The Notable Specimens section of the current (2013) Bowers reference is not an official Condition Census, nor was it meant to be. Much of the information was compiled in the early 1990s as part of the two-volume Silver Dollars & Trade Dollars of the United States, A Complete Encyclopedia. Together, these two references are still the only published source of census information about the early dollars. The finest piece listed in the 1993 Bowers & Borckardt Notable Specimens was an MS63 Auction '90 specimen, except that is actually a B-13 (BB-24) dollar.

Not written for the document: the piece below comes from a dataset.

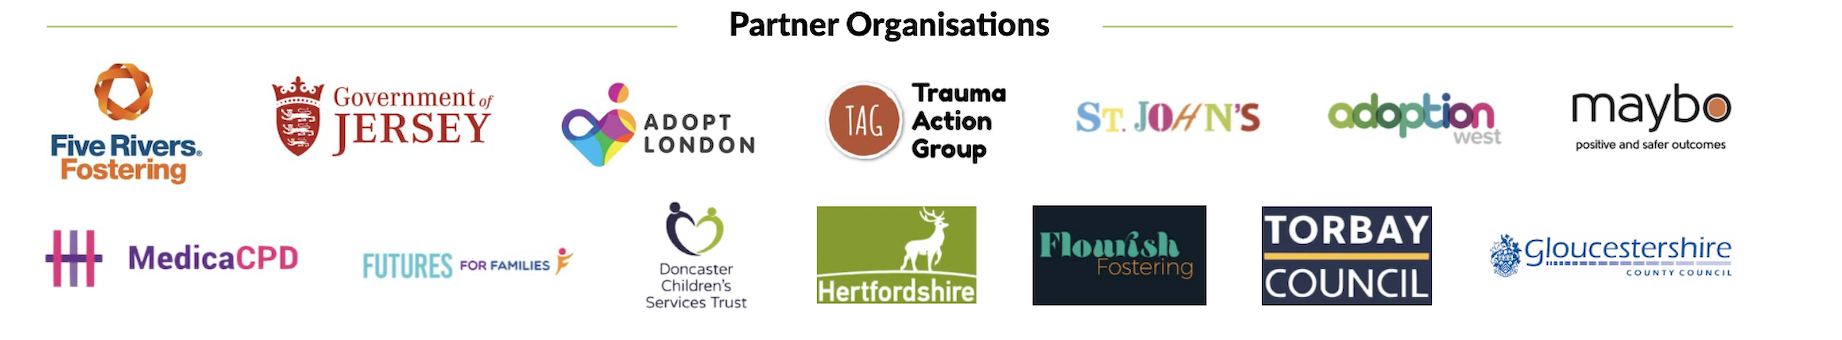 Partner organisations logos

Today, we know that the Cardinal Collection included an AU58 PCGS specimen in 2005, and the catalogers at that time felt it was the finest known. Another AU58 example (certified by NGC) appeared in our ANA Signature auction of July, 2005. Other notable coins include an AU55 appearing in the 1987 Bowers and Merena sale of the Saunders Collection, and the AU55 Hesselgesser specimen. Another high-grade piece includes the Atwater specimen, a Mint State coin with heavy planchet lamination defects. Thereafter, about a dozen XF pieces exist.
The present MS62 NGC dollar is, in our opinion, the finest known B-9, BB-13 silver dollar, clearly finer than any of the above-listed candidates. This lovely dollar has light silver-gray surfaces with full frosty mint luster beneath wisps of champagne toning. Faint adjustment marks at the central obverse cause strike weakness at the central reverse. A shallow abrasion between UNITED and STATES plus some small streaks of medium-gray toning appear on the reverse. Here is a splendid Mint State early dollar for the advanced variety specialist, and a rare opportunity for the connoisseur of Flowing Hair dollars.
Ex: FUN Signature (Heritage, 1/2013), lot 5715.